External vendor-lookup as Layer-2 categorization assist (parked 2026-05-23)
DARE.CO.UK · PARKED SKETCH · 2026-05-23
Mirrored from ~/.claude/.../memory/parked_sketch_vendor_lookup_layer2_2026-05-23.md. This is a design sketch parked for future build — read for context, not as a current deliverable.
Rules + regex hit their plateau on ambiguous vendor names (“Heroku”, “Bona”, “HomePod”). Next tier: external API or LLM looks up what the vendor IS before categorization. Same architecture as feedback_two_layer_decision_architecture.md — Layer 1 rules for clean cases, Layer 2 lookup for residue.
Dan 2026-05-23: “external api naming look-up, like Heroku, is always worth assessing”
The problem
Rule-based vendor → category mapping has a ceiling. Examples that defeat regex:
| Vendor | Naive guess | What it actually is |
|---|---|---|
| Heroku | (no idea) | Cloud hosting → Software / Web Services |
| Bona | (no idea) | Floor cleaning supplies → Hardware / Consumables |
| HomePod | (no idea) | Apple consumer electronics → Computer & Electronics |
| Hakkapeliitta | (no idea) | Nokian winter tires → Car Maintenance & Repair |
Rules can’t enumerate every product name. LLM/external-API lookup can.

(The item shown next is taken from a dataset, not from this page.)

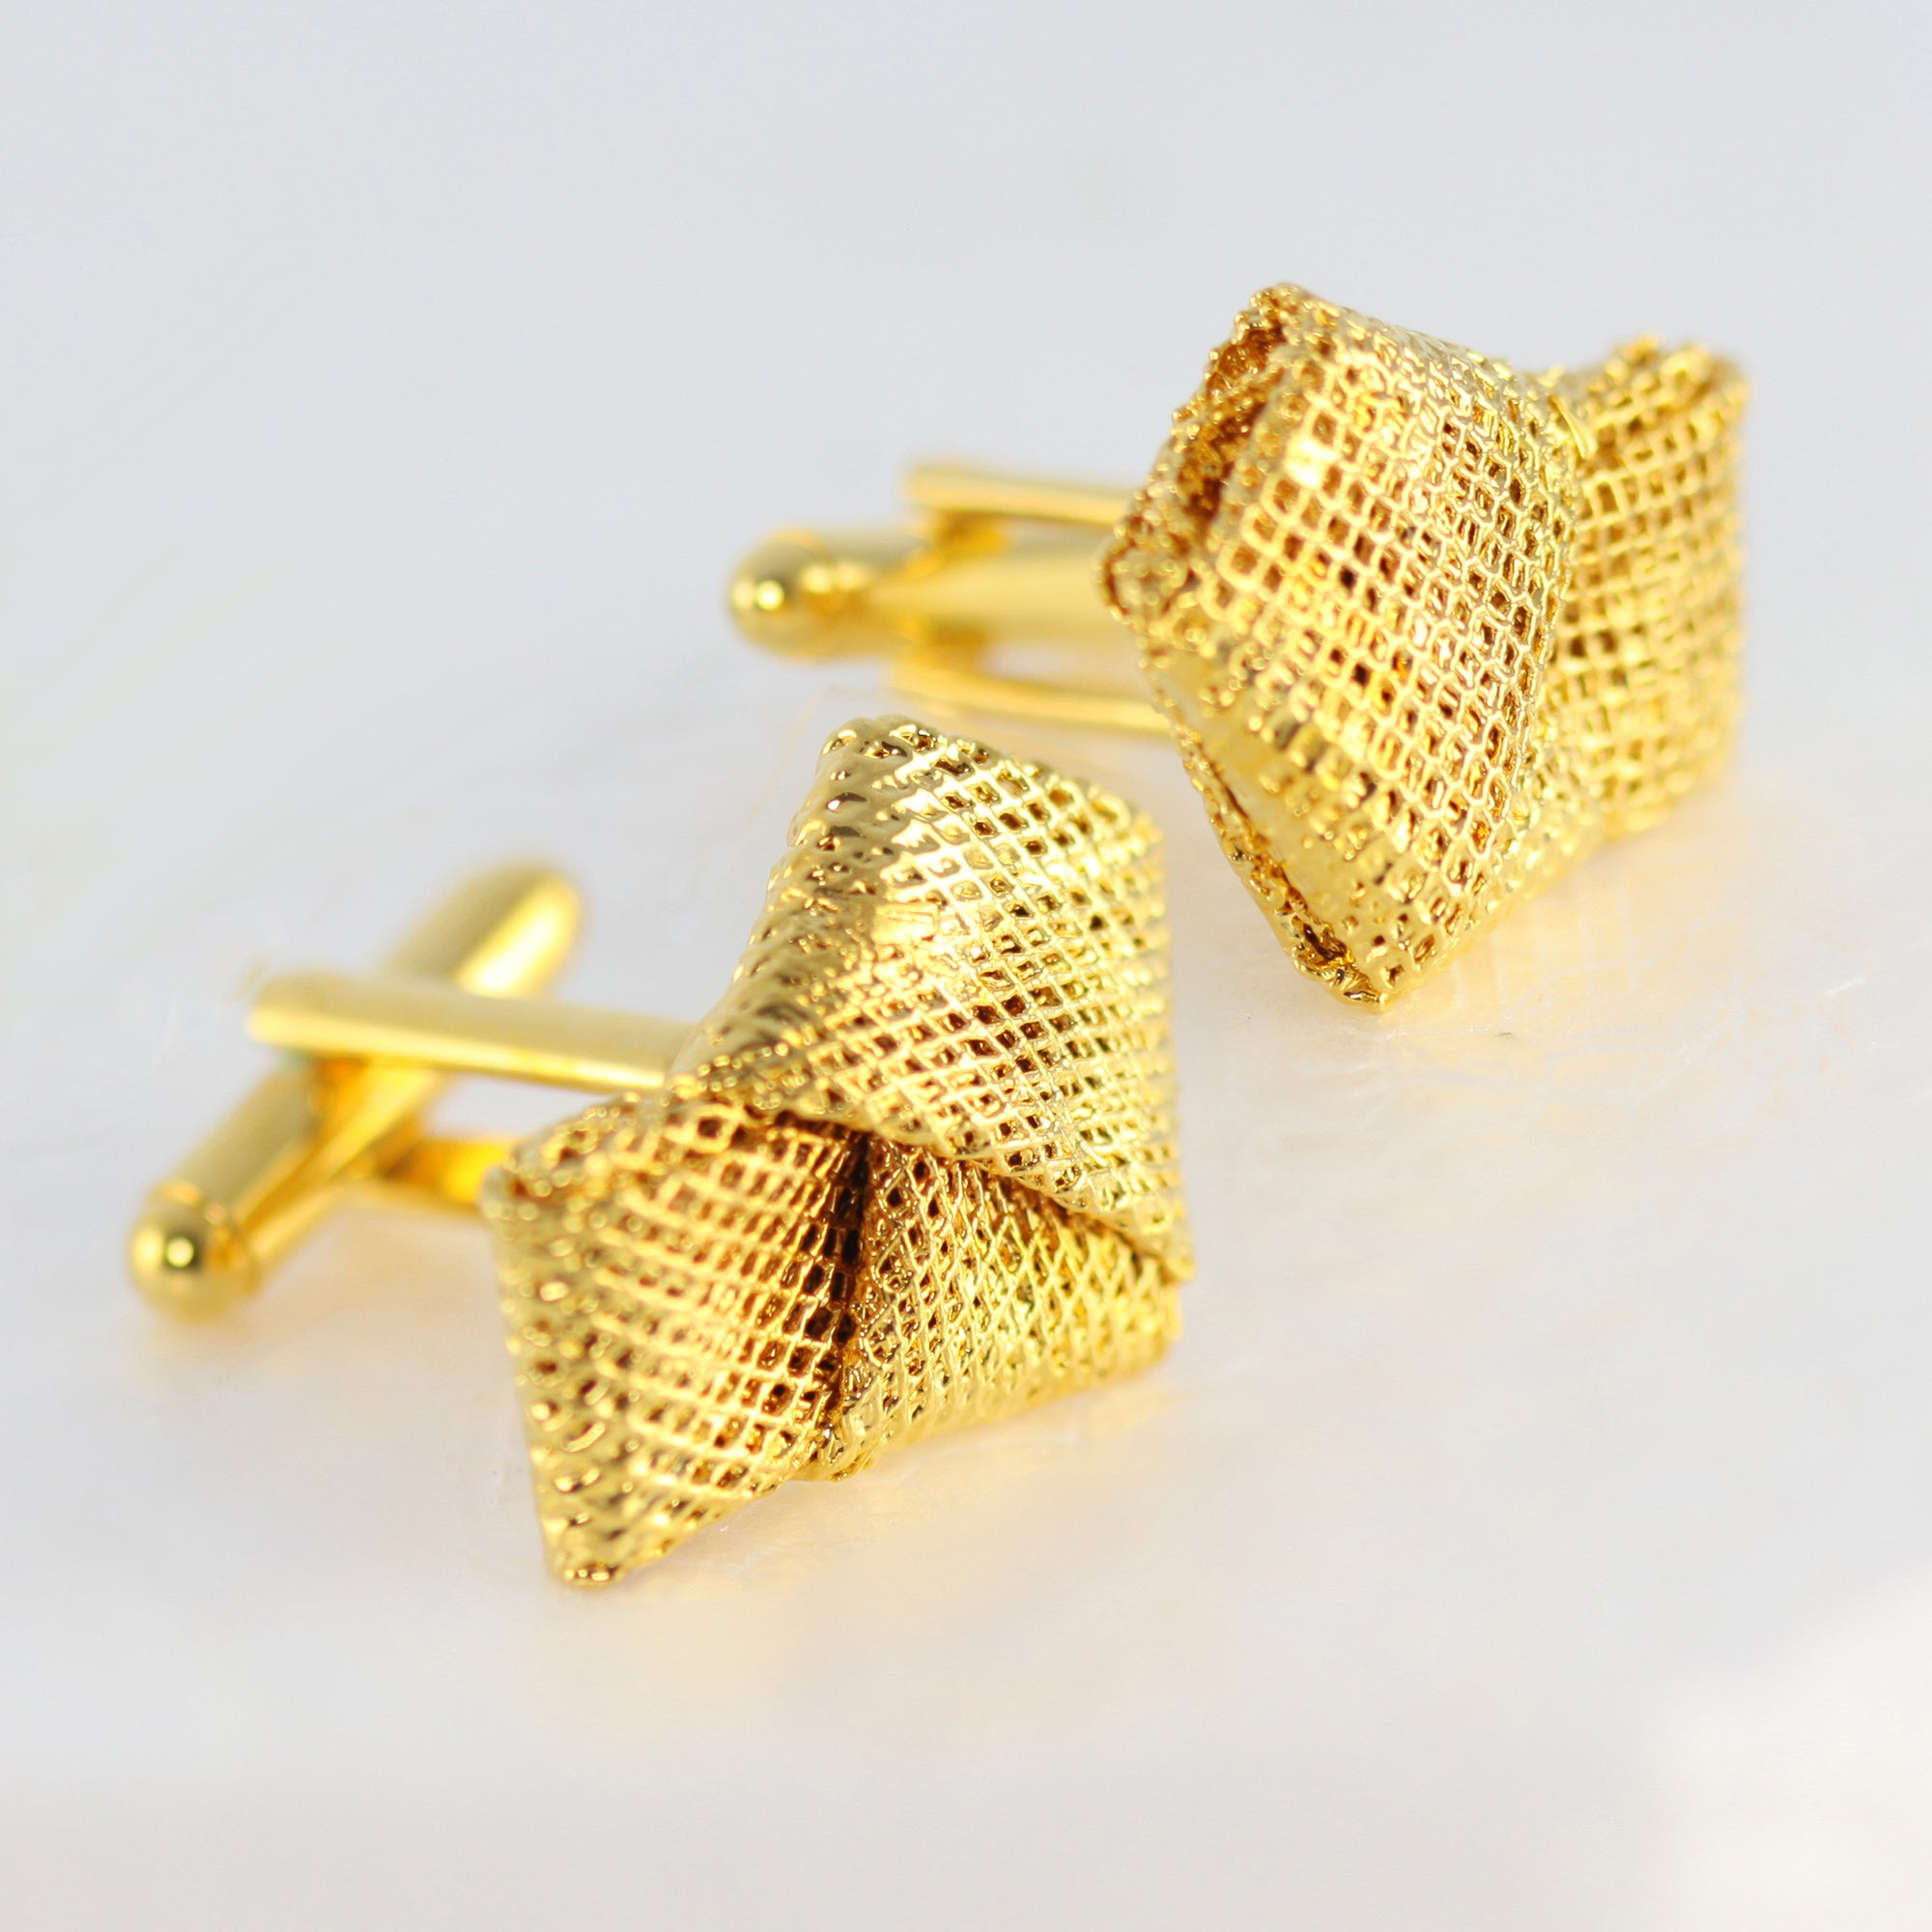 Cufflinks made from wedding dress tulle tied in a knot and dipped in 24k gold.

Architecture (Layer-2 lookup)
| Layer | Source | When |
|---|---|---|
| 1 | Regex rules (current) | Clean cases: named vendor (Geico, Starbucks), vendor+context combo |
| 2 | LLM/API lookup | Ambiguous: rule misfired OR low-confidence, vendor name is unknown noun |
| 3 | Manual hand-mapping | Edge cases the LLM can’t disambiguate |
Lookup options (ranked by fit)
| Option | Cost | Fit |
|---|---|---|
| Haiku batch over vendors | ~$0.001/lookup, $5-10 for full Harvest residue | Best fit — fast, generic, no API setup. Prompt: “Vendor=’X’, notes=’Y’, amount=$Z, current category=’C’. From this list of Harvest categories: […], which fits best? Reply: category |
| Wikidata / DBpedia | Free, free-form text query | Coverage gaps; works for famous brands, fails for SaaS / regional vendors |
| Clearbit / FullContact | $99-299/mo | Overkill for personal use; better for sales prospecting |
| Brand database (private) | varies | Not generally available |
Recipe for v1 (when triggered)
# pa_harvest_recategorize_llm_layer2.py
# For every expense without a rule-based proposal (or low-confidence):
# 1. Build prompt: vendor + notes + amount + current category + candidate list
# 2. Batch call to Haiku (cheap, fast)
# 3. Parse: {expense_id, llm_category, llm_confidence, llm_reasoning}
# 4. Append to recategorization_proposal.{md,jsonl}
# 5. Operator review (same UI)
Estimated cost on full Harvest substrate residue (~5,500 expenses minus rule-handled ~80): - ~5,400 LLM calls × $0.001 = ~$5 one-time - ~30 min wall-clock with reasonable batching (50/request)
When to build
- Rules + manual hand-mapping plateau (we’re approaching this on Harvest already at ~80 clean proposals out of 5,983 expenses — many remain miscategorized but no regex fires)
- A new substrate ingest produces lots of ambiguous vendors (eBay, Costco line items, etc.)
- Dan finds himself manually classifying repeatedly — sign that Layer 2 should automate
Cross-references
feedback_two_layer_decision_architecture.md— parent architecture patternfeedback_one_batch_llm_beats_hand_iteration.md— when rules plateau, switch substratefeedback_substrate_recategorization_assisted.md— sibling memory; this is the Layer-2 enrichment for itpa_harvest_recategorize_propose.py— Layer-1 rules; this sketch extends itpa_amazon_gdpr_process.py— Amazon’s Layer-2 LLM tagger is the precedent
The aphorism
Rules know syntax. LLMs know what things mean. Spend rules on shape; spend LLM on meaning.